Our son had a CAT scan of his brain which he found slightly claustrophobic but what "blew his mind" was to see his brain "laid out like slices of bologna in the deli."

CAT scans (computer assisted tomography) creates cross-sectional (from the Greek tomos - a knife) of our brain and other organs by x-rays. A new PET scan (Positron Emission Tomography) cuts similar slices of the brain using gamma rays. It also shows which tissues are living and using energy. PET combines medicine, chemistry, physics, and physiology to study the function of the brain, heart, and tissues throughout the body.

PET can be used to find tumors and find out how well they respond to treatment or to find a recurrence and differentiate them from benign tumors. It can differentiate live heart muscle from dead so that expensive and potentially risky bypass of blood can be directed to the right part of the heart. PET scan can also show live or dead brain tissue after a stroke and where in the brain seizures may be occurring. It can also show why the brain of a schizophrenic patient works differently. It can even show the brain in action when seeing pictures or thinking thoughts.

A typical PET scan begins by IV injection of a small safe dose of radioactive "tracer" bound to sugar or water. The patient reclines comfortably in a bed for an hour or so inside the PET camera. The radioactive sugar goes to areas of the body where energy is being used. Electrons from the tissue combine with positrons from the radioactive tracer to produce gamma rays (similar to x-rays). These rays are recorded by the camera and reconstructed into 3-D pictures by the computer. The radioactive materials that are used in the PET scan only last minutes to hours so a nuclear particle accelerator cyclotron is needed to make them. A cyclotron accelerates protons to a very high energy and collides them into a stable gas or liquid which is made temporarily radioactive and synthesized into a radioactive trace like sugar.

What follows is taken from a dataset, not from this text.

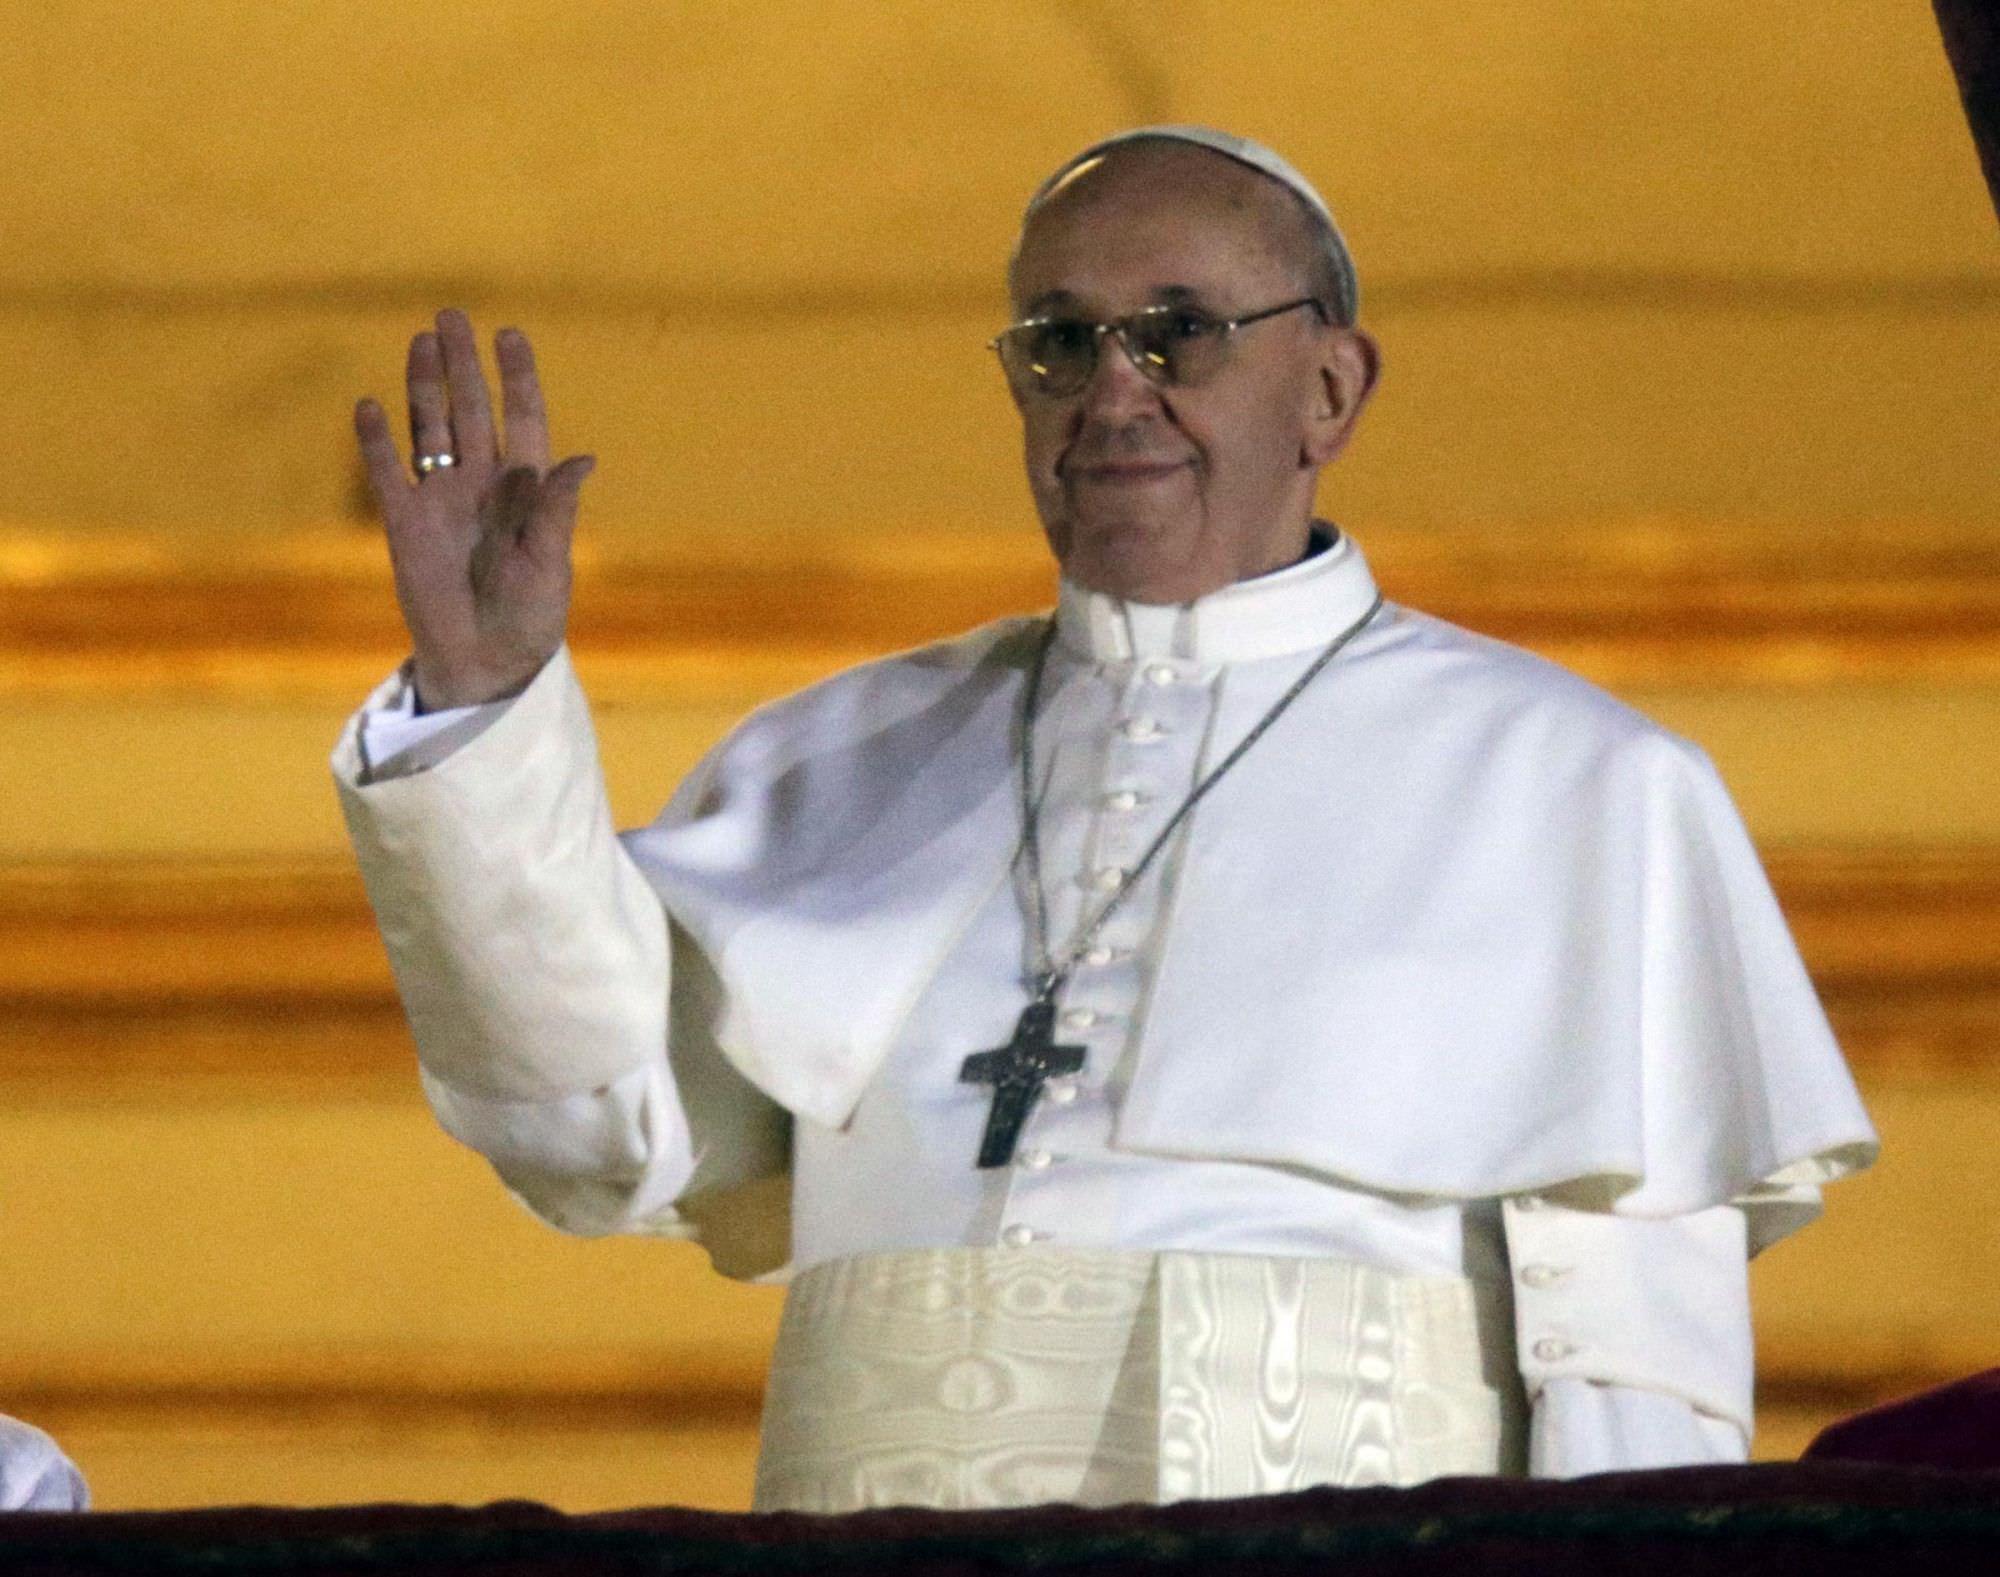 Ernesto Simoni nominato Cardinale da papa Francesco celebra messa a Viareggio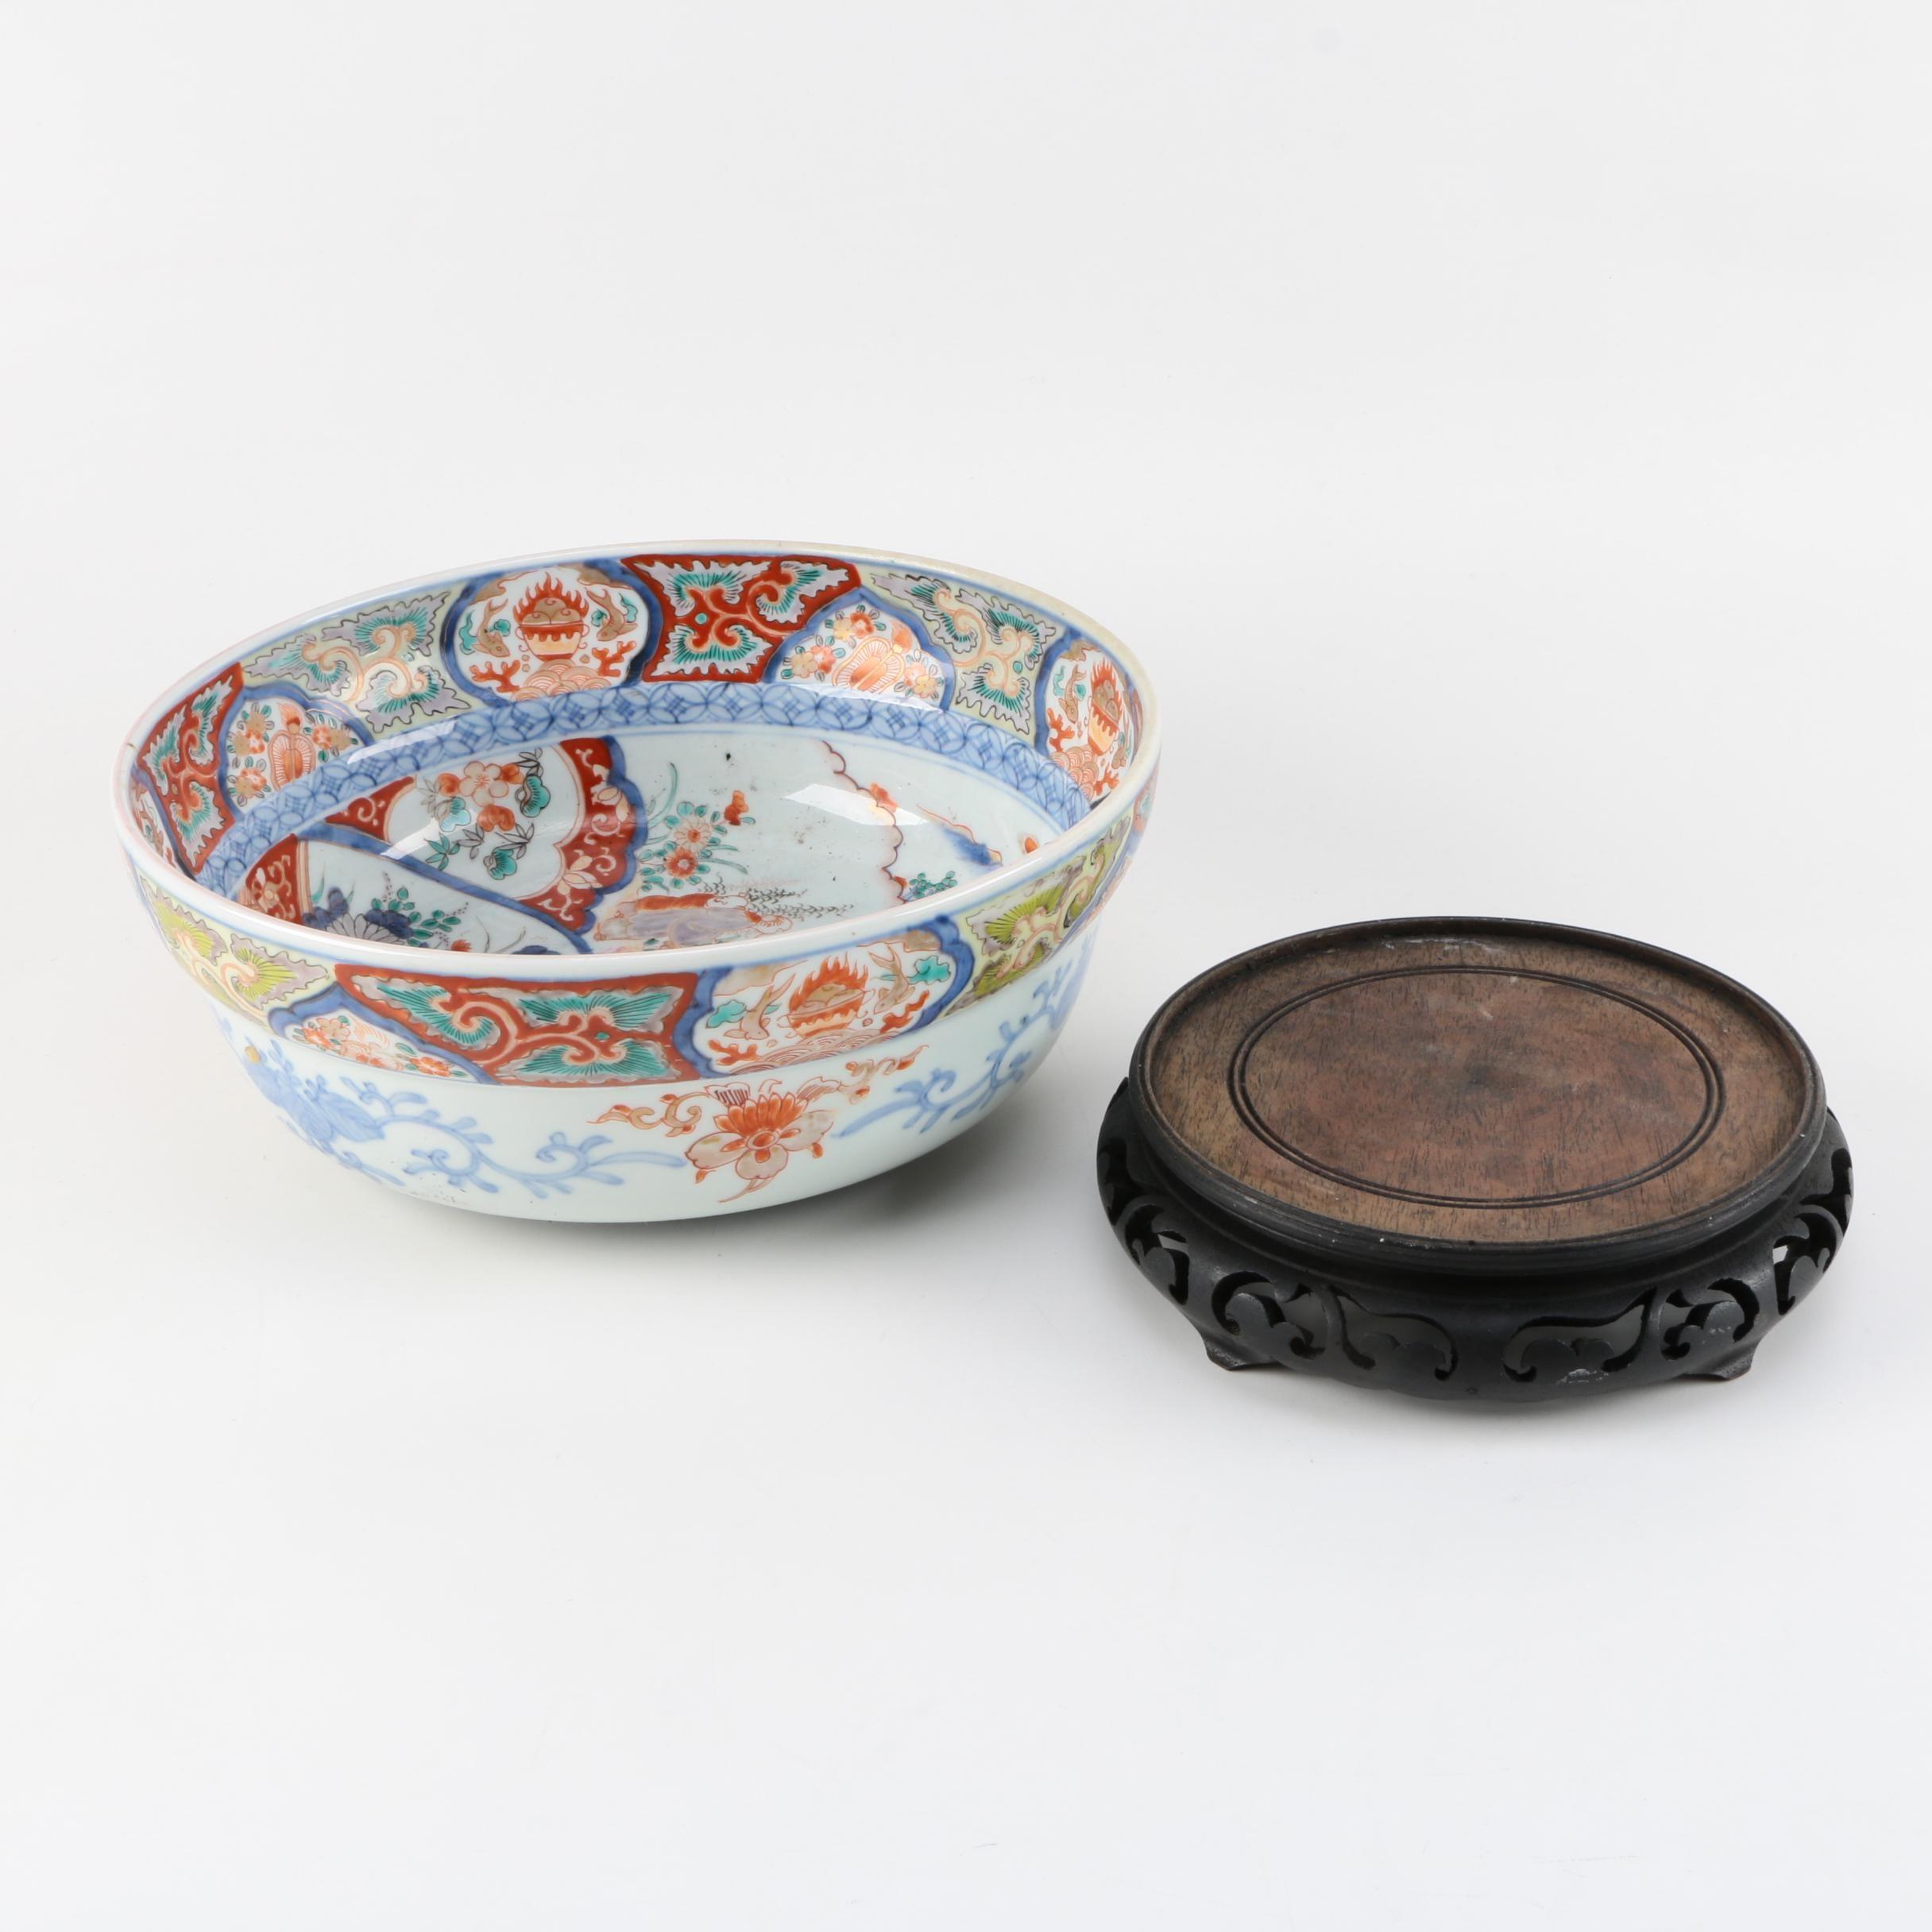 East Asian Imari Palette Ceramic Bowl and Wooden Base

PET scans are very expensive but they can decrease medical costs by avoiding unnecessary surgery or showing where surgery can do the most good.

The PET scan is non invasive, only an IV or urinary catheter or both are used. The radioactive tracers have such a short life that there is very little radiation exposure to the patient and, as the tracers are similar to normal substances, no side effects.

Significant progress has been made in recent years. We have gone from still snapshots of the brain and heart to moving pictures of these organs in action. Now we can peer inside the skull and "see" people thinking. As one journalist put it, "Know the brain is all its electrical magnetic and chemical glory."